--- RAW DATA ---
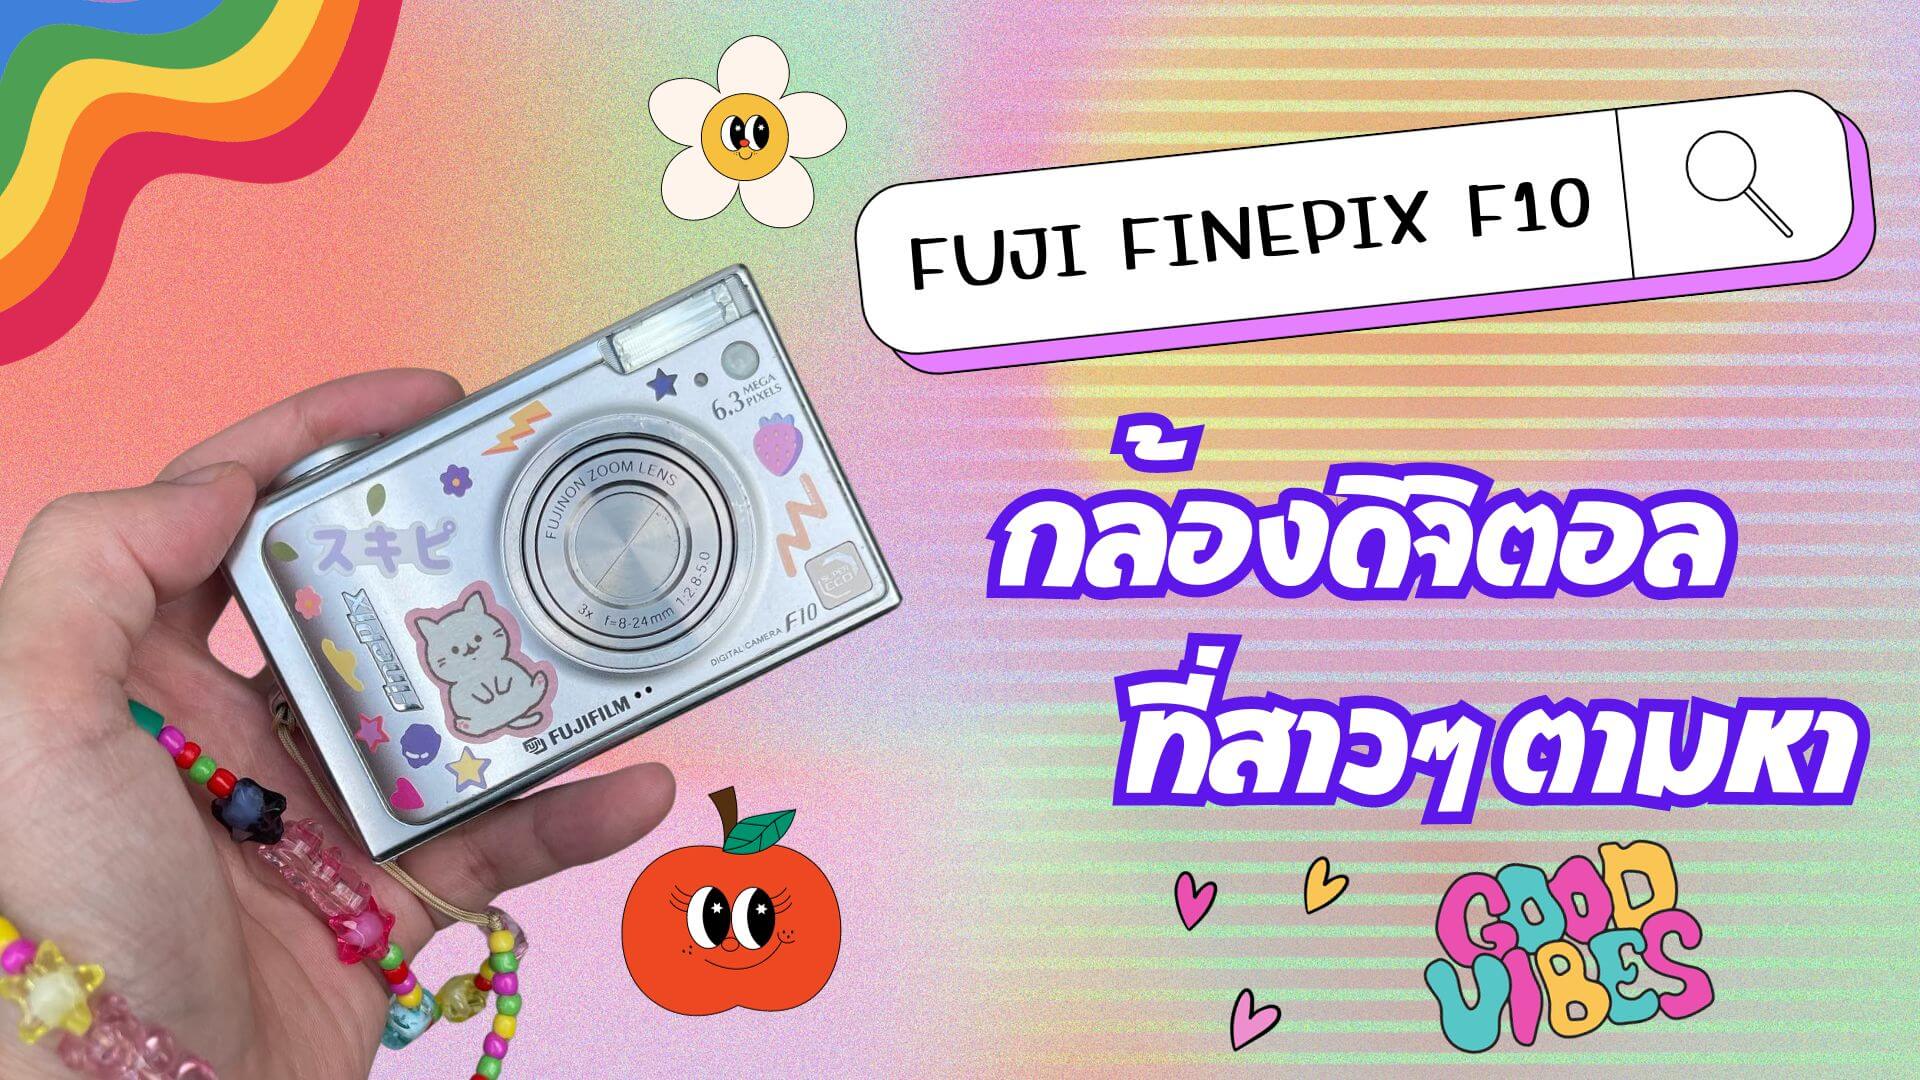 Fuji finepix F10
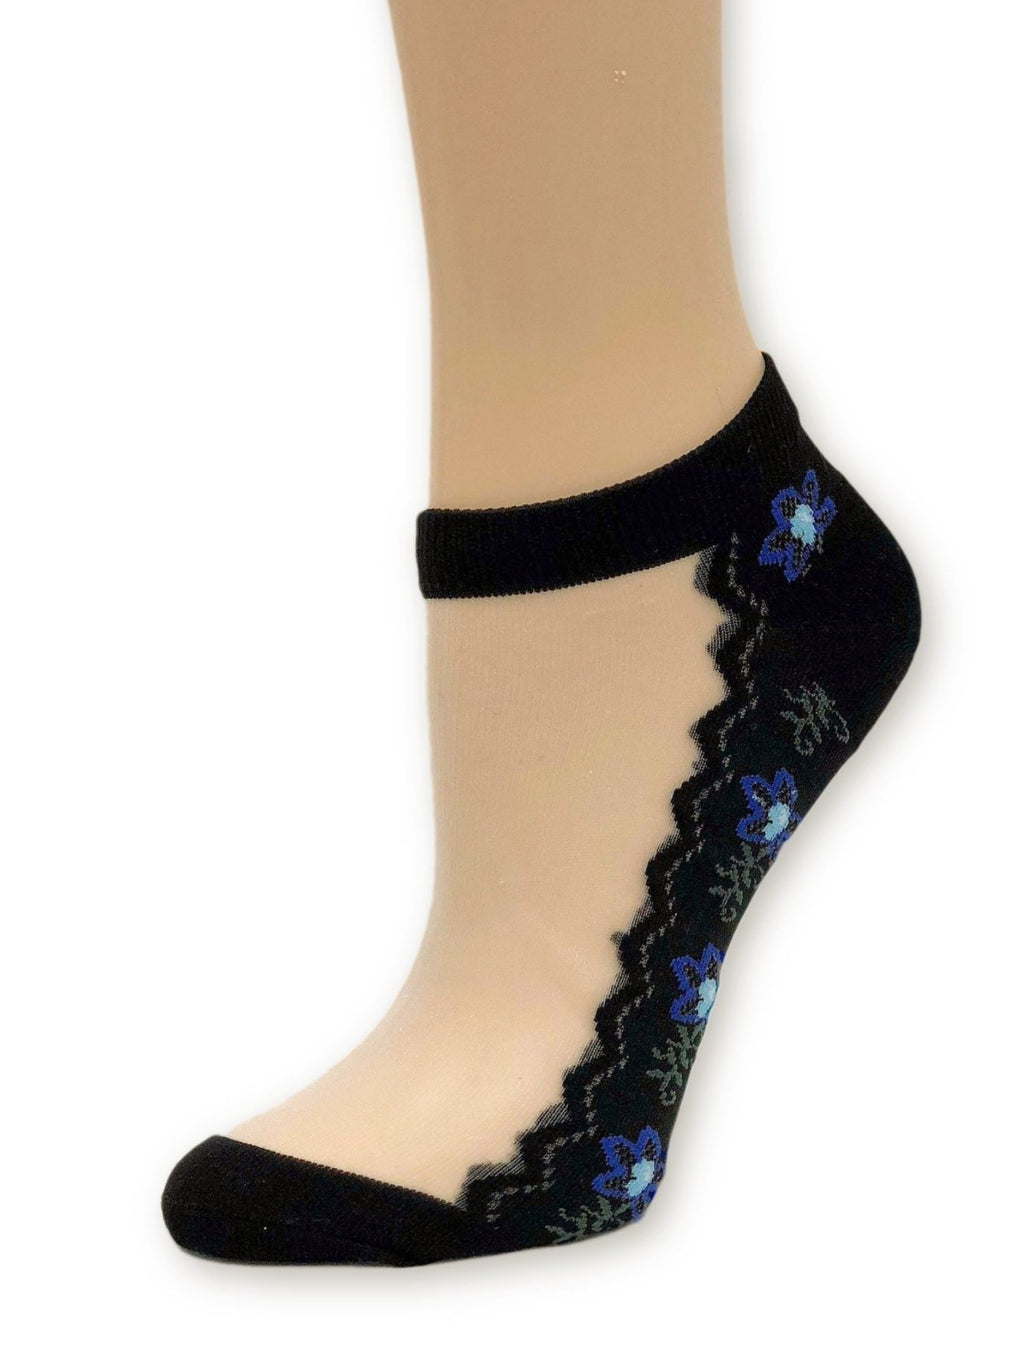 Charming Sea Blue Ankle Sheer Socks - Global Trendz Fashion®
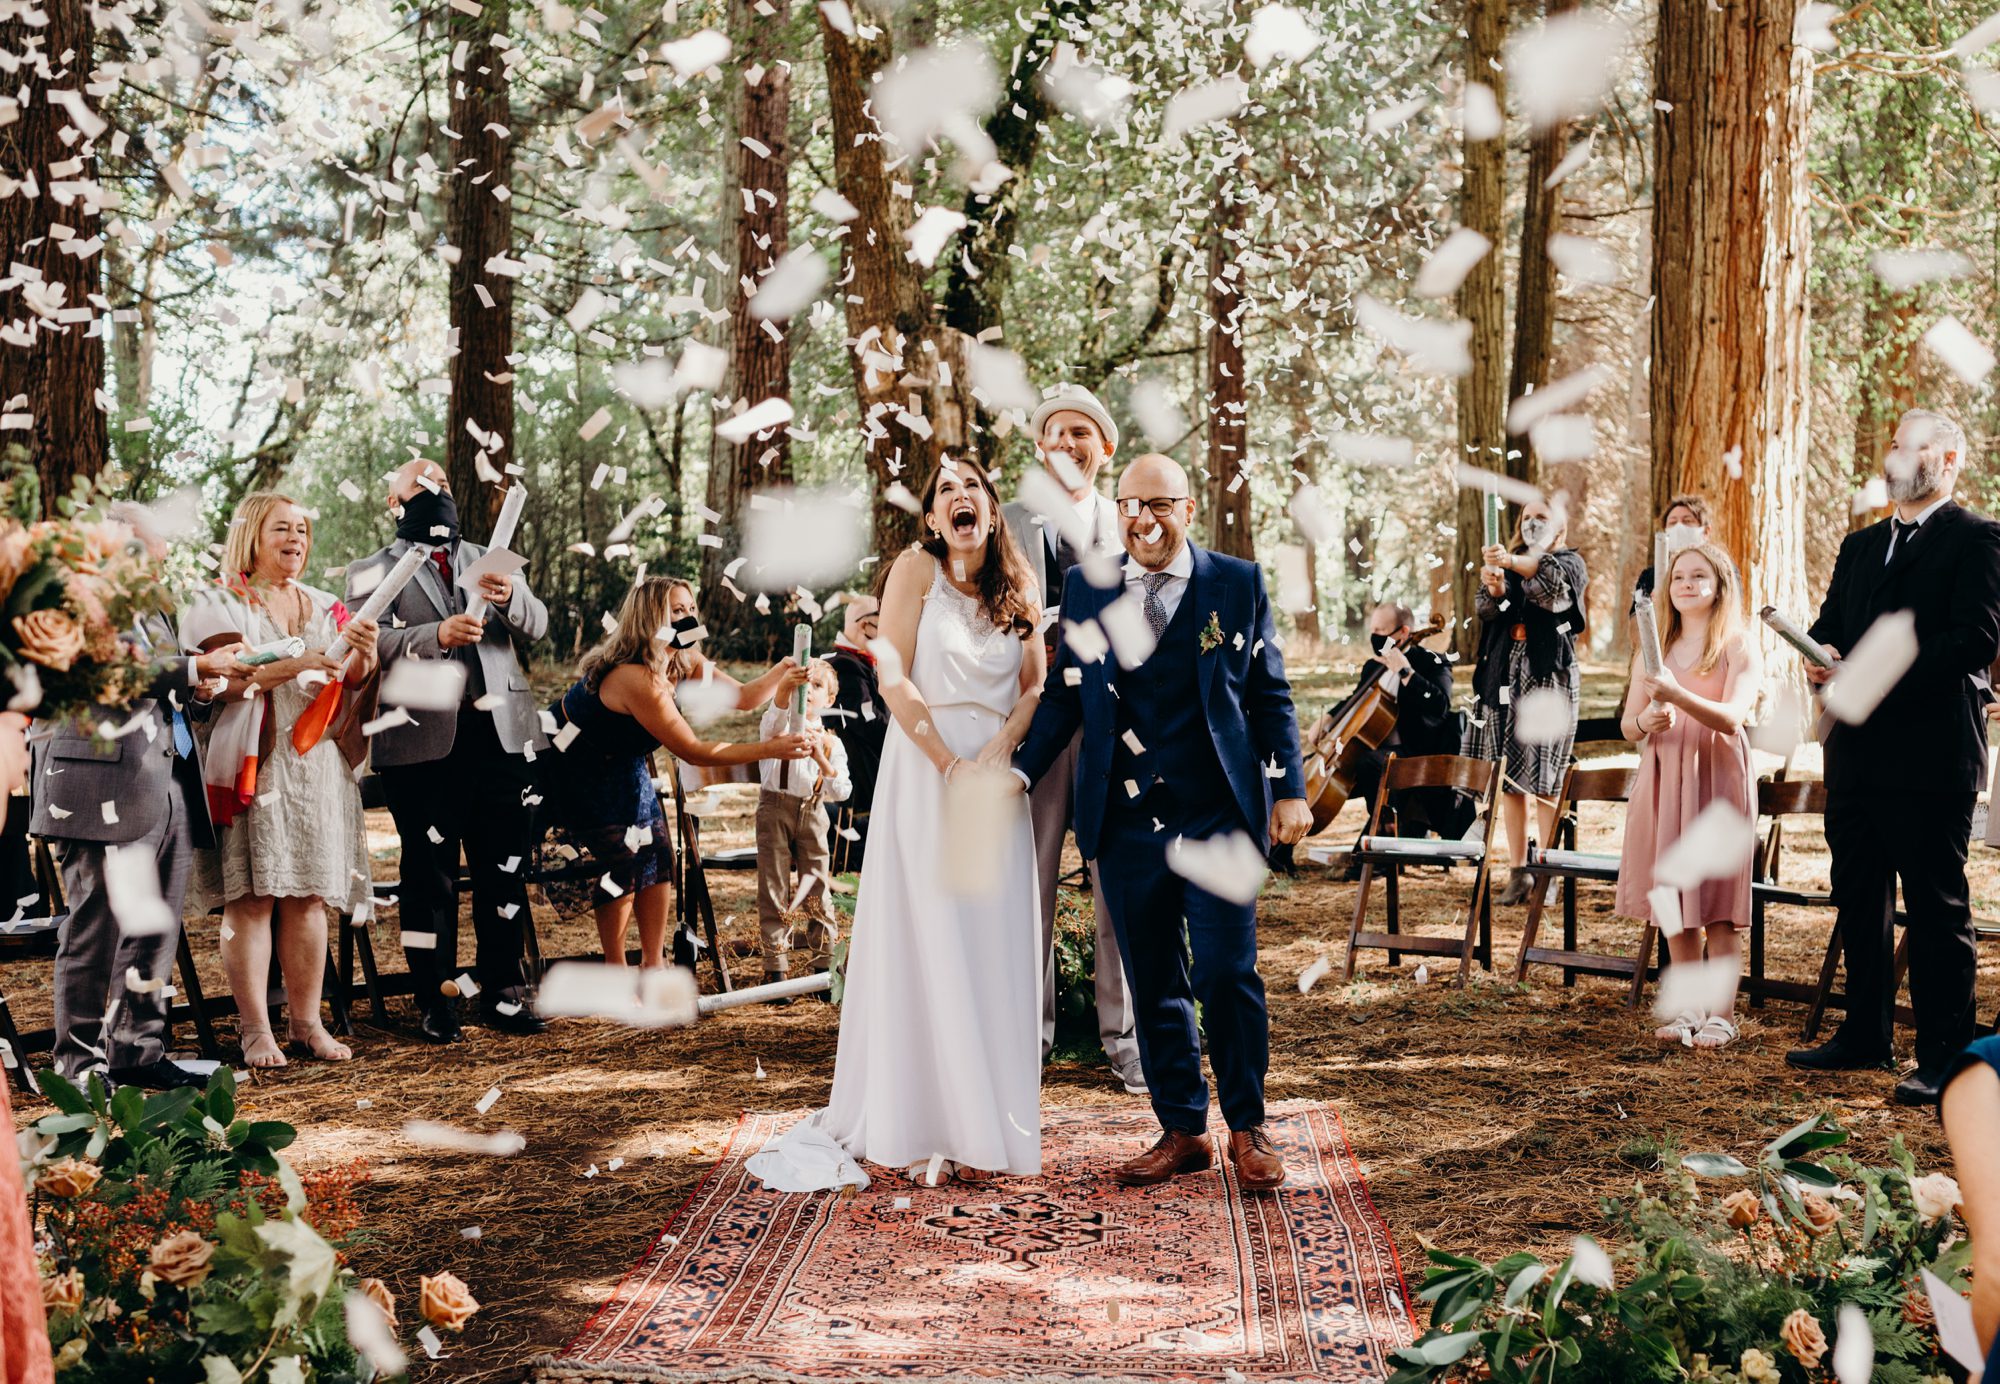 Wedding ceremony tips by Portland photographer, Briana Morrison.
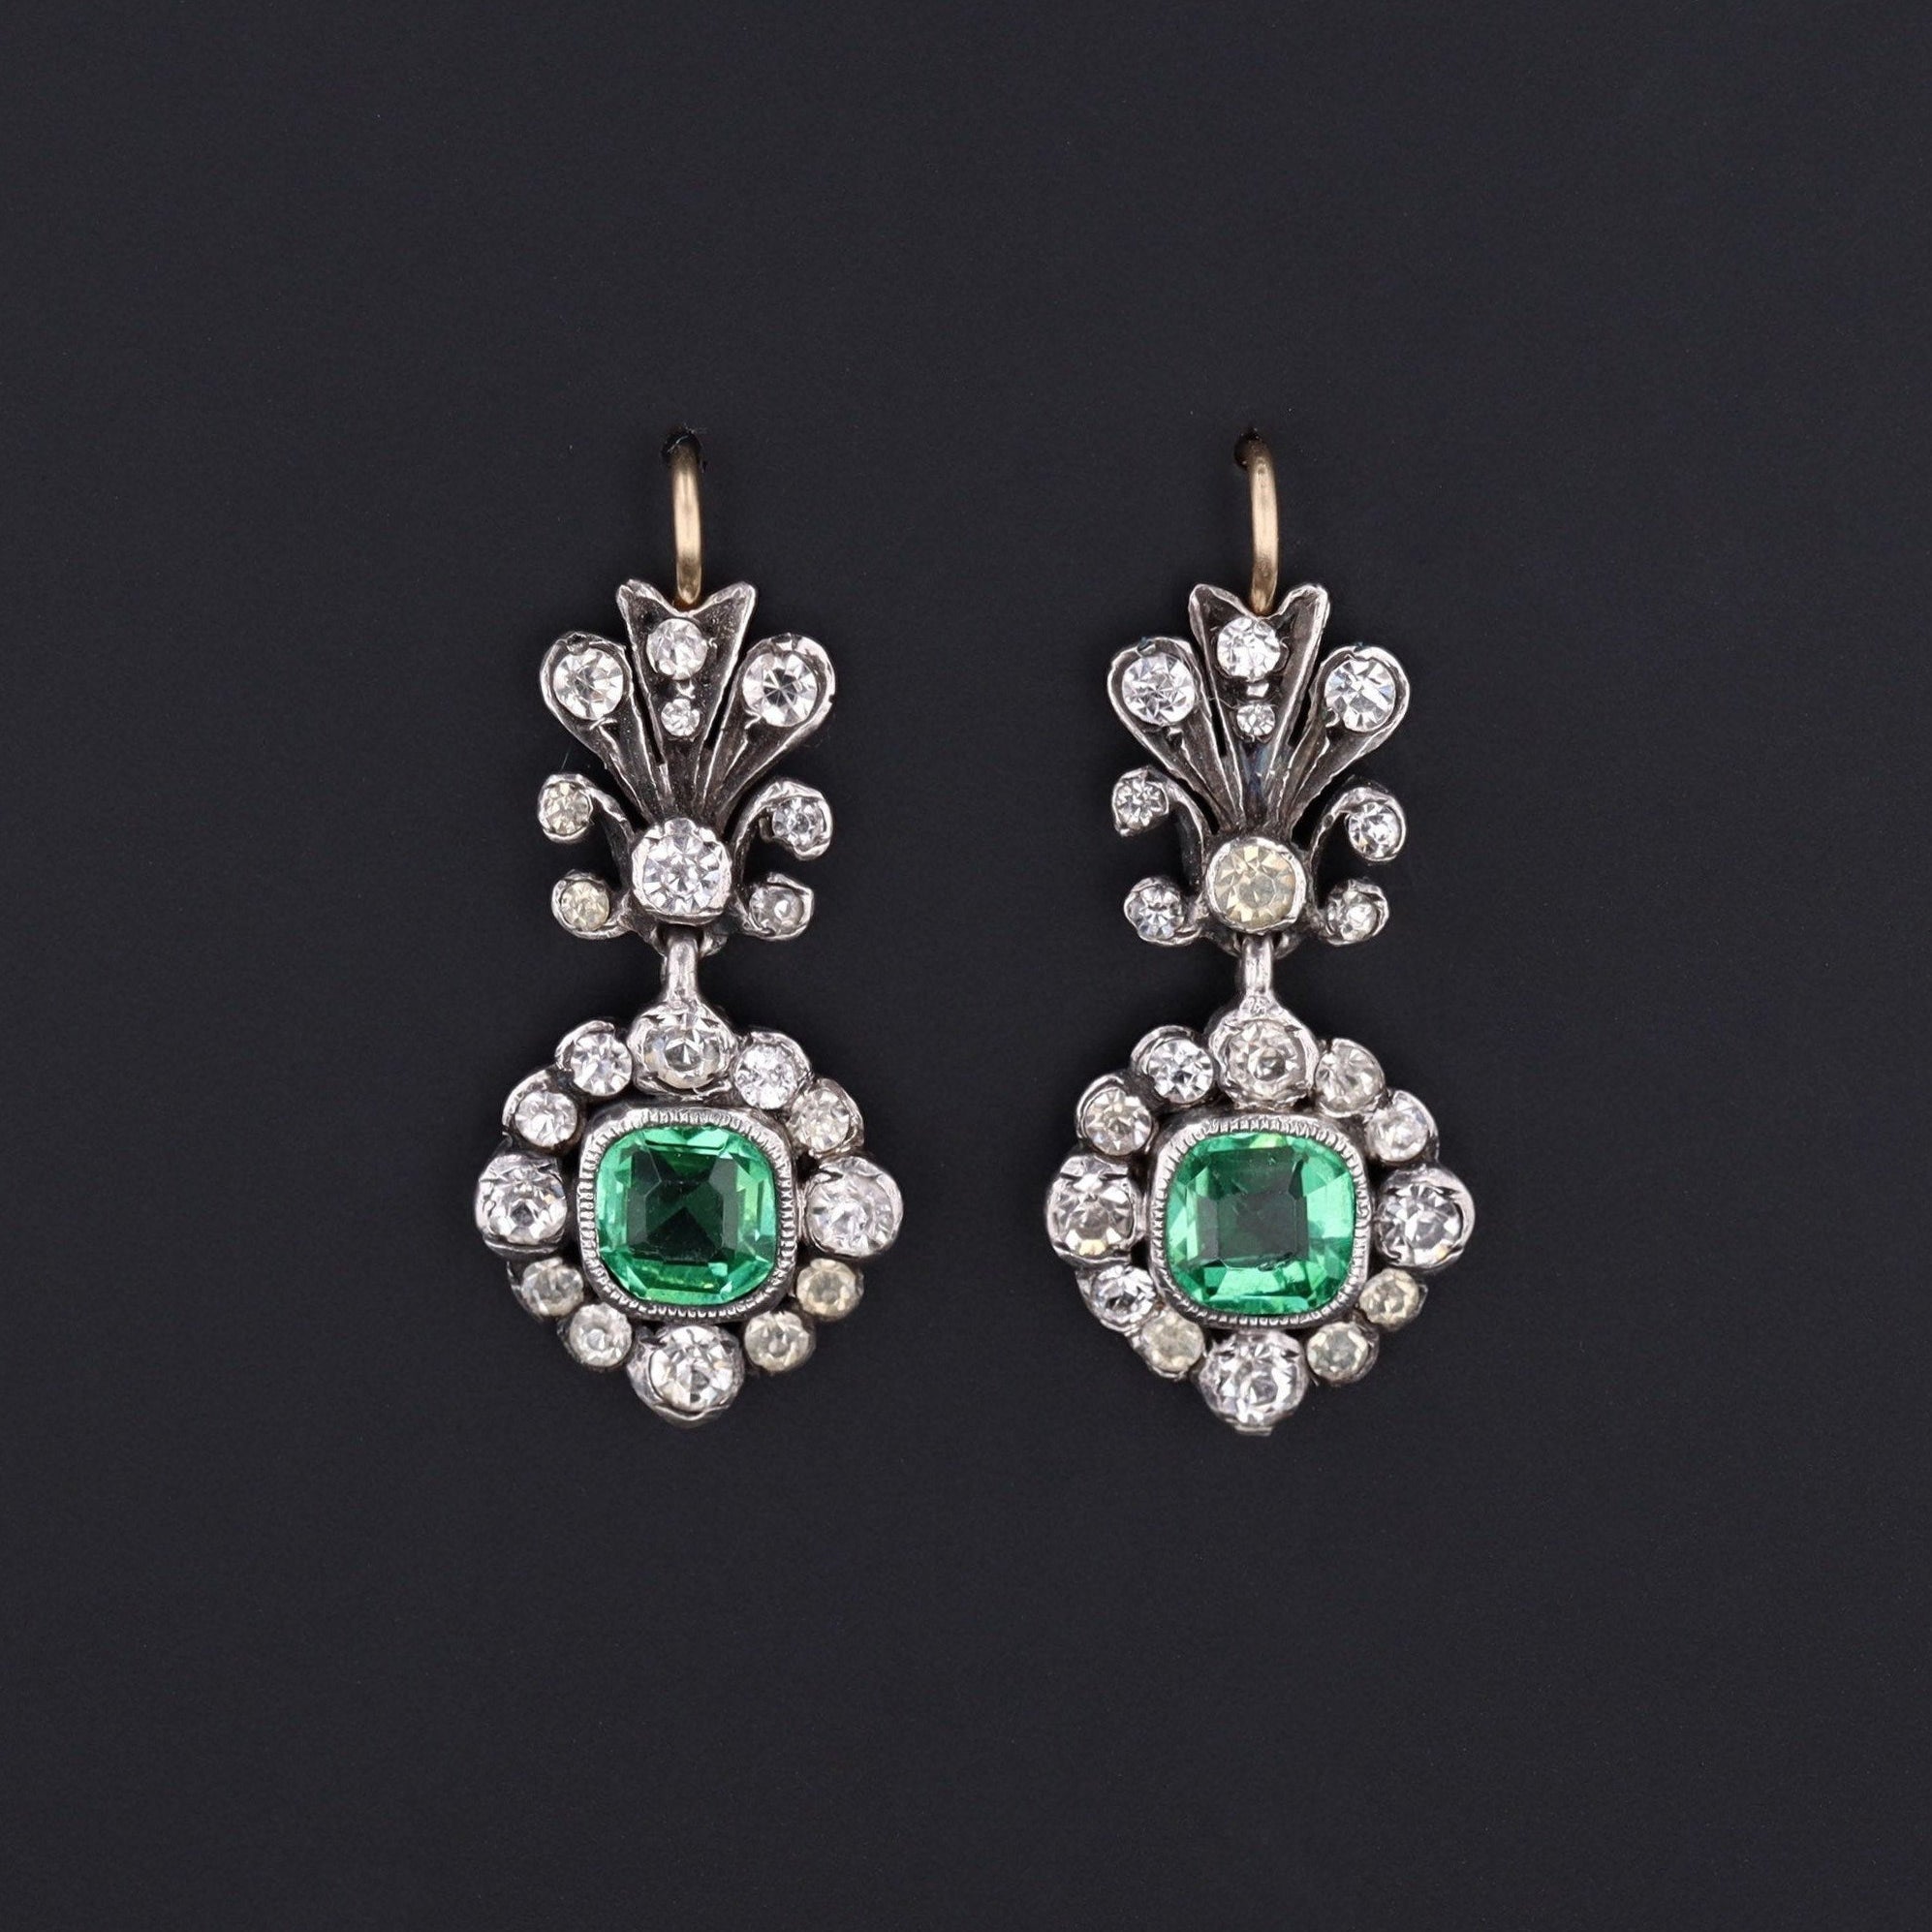 Antique Green and Clear Paste Earrings | 14k Gold & Silver Earrings | Bracelet Conversion Earrings | Antique Paste

--- ACTIVITY ---
Reproduce the data above exactly, leaving out any picture in it.

--- COMPLETED EXERCISE ---
 Fuji finepix F10
 Charming Sea Blue Ankle Sheer Socks - Global Trendz Fashion®
 Wedding ceremony tips by Portland photographer, Briana Morrison.
 Antique Green and Clear Paste Earrings | 14k Gold & Silver Earrings | Bracelet Conversion Earrings | Antique Paste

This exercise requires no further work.